American breed of goose

The American Buff is an American breed of domestic goose. It was accepted by the American Poultry Association in 1947. It is named for its single plumage variety, which is a pale buff or apricot-fawn in color.

== History ==

Like almost all breeds of domestic goose, the American Buff derives from Anser anser, the wild Greylag goose of Europe and northern Asia. Its origins are obscure, and various theories have been put forward; it is not known if it was bred from local grey farm geese, or from existing buff geese imported from Europe. The modern breed is the result of work done in the 1930s and 1940s by a Missouri breeder named Oscar Grow. The American Buff was admitted to the Standard of Perfection of the American Poultry Association in 1947, in the 'medium' group. It was added to the British Poultry Standards of the United Kingdom in 1982; there it has become a much heavier bird, and is classed by the Poultry Club of Great Britain as a heavy breed.

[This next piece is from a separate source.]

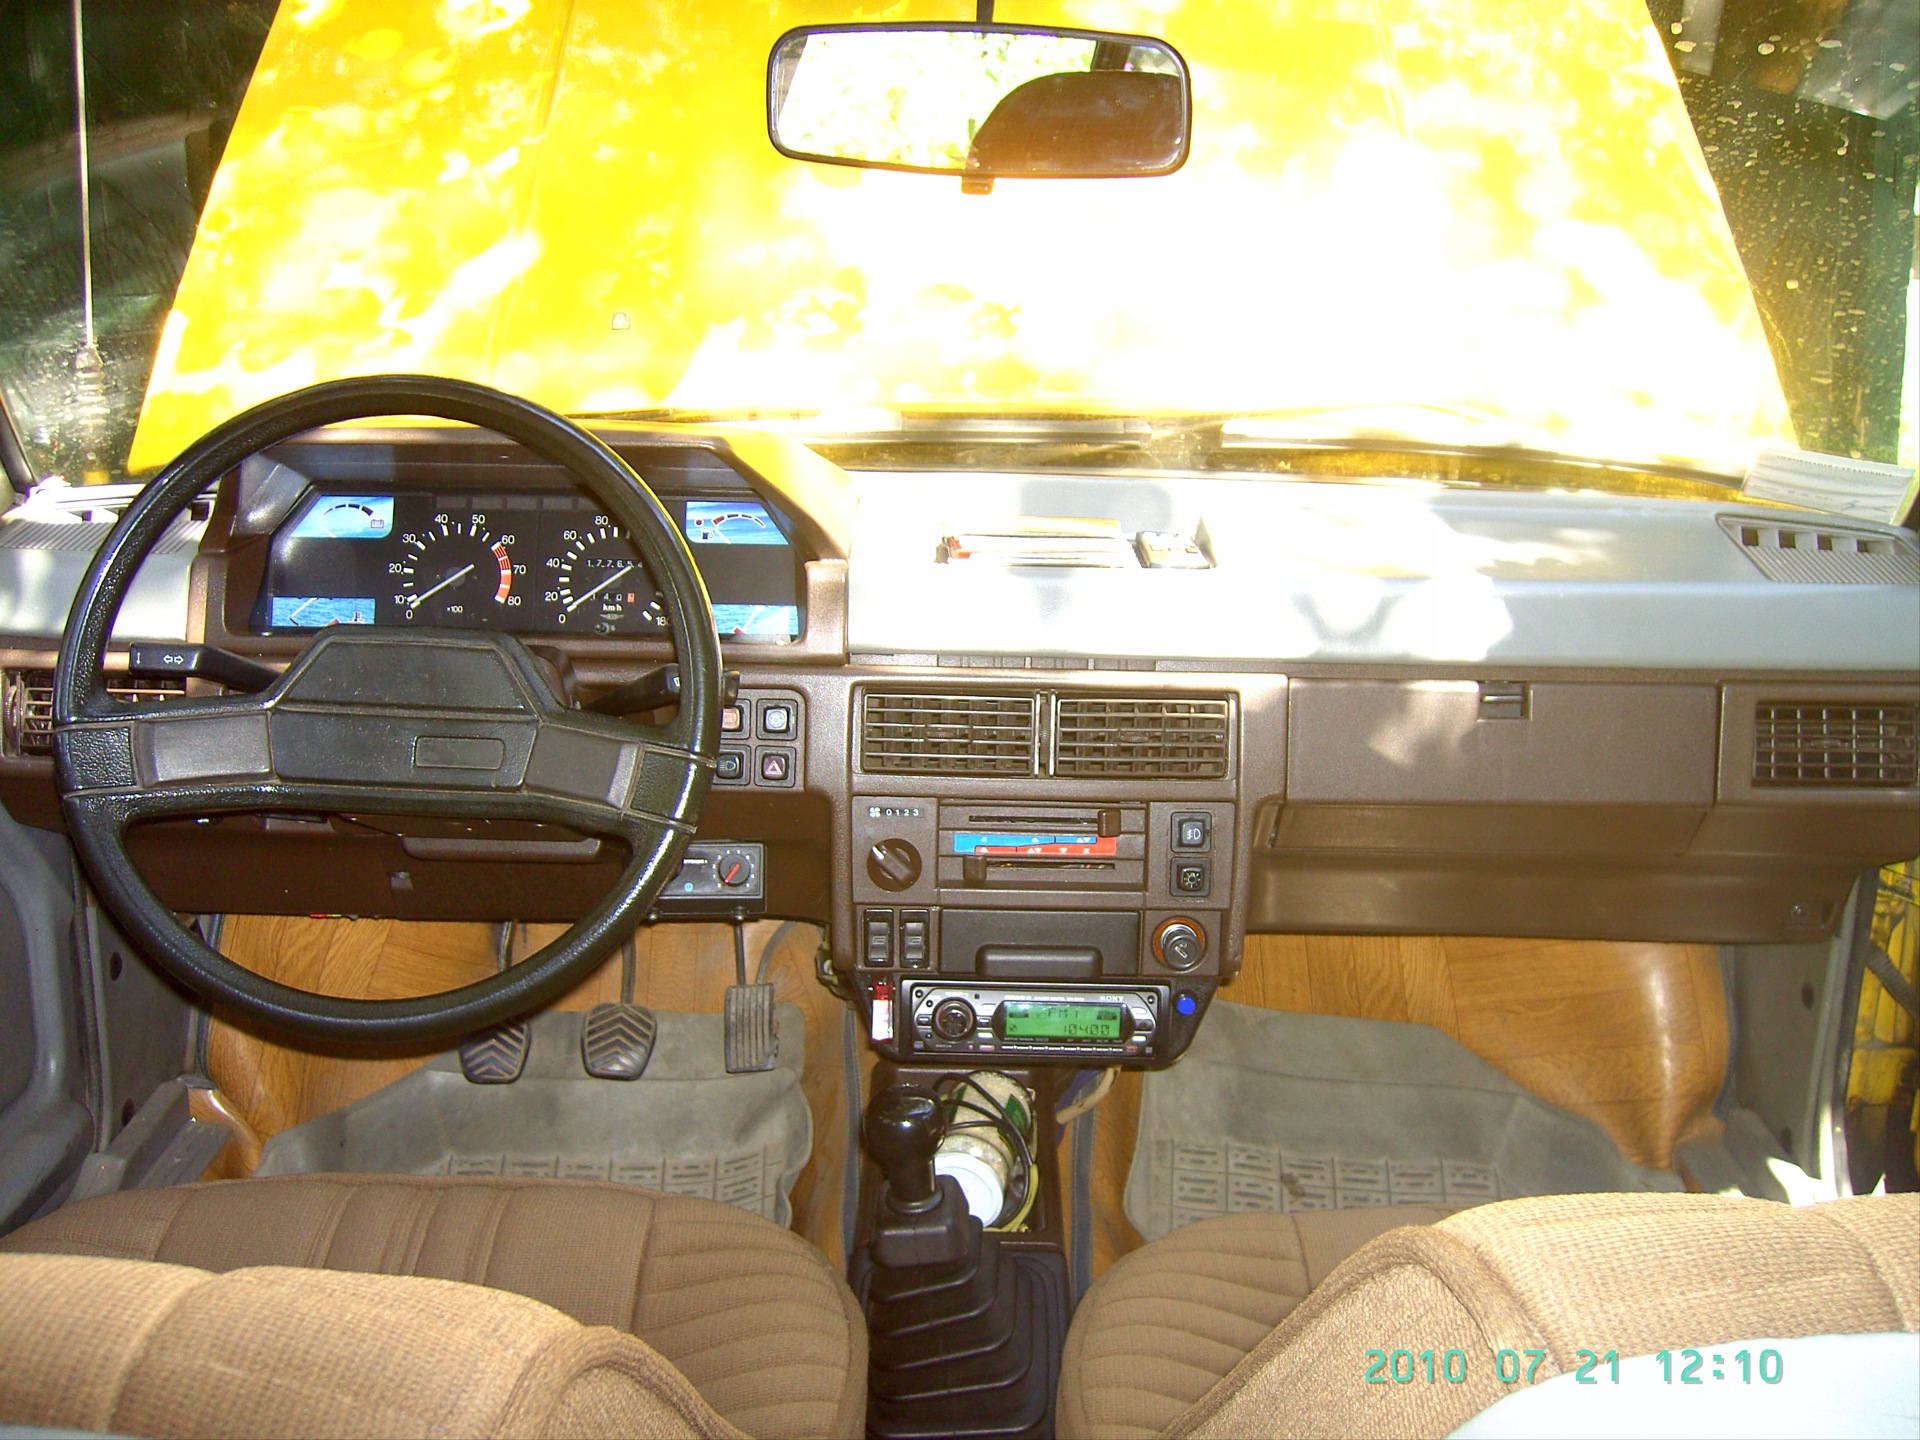    2141 17  1987     DRIVE2

It is a rare breed, and is listed as 'watch' on the conservation priority list of the Livestock Conservancy (formerly the American Livestock Breeds Conservancy). Neither it nor any other breed of goose is reported by the United States Department of Agriculture to the DAD-IS database of the Food and Agriculture Organization of the United Nations. It is listed in the Ark of Taste of the Slow Food Foundation.

== Characteristics ==

The American Buff is characterized by its pale yellow-buff plumage, sometimes described as apricot-fawn; the abdomen is white or nearly so. It differs from other buff-colored geese such as the Brecon Buff of the United Kingdom and the Celler Gans of Germany in its vivid orange beak, shanks and feet.

== Use ==

It is a dual-purpose bird, providing both meat and eggs. The meat is dark and rich. Geese lay some 10±– large white eggs per year. They sit well, and may be used to hatch the eggs of other geese.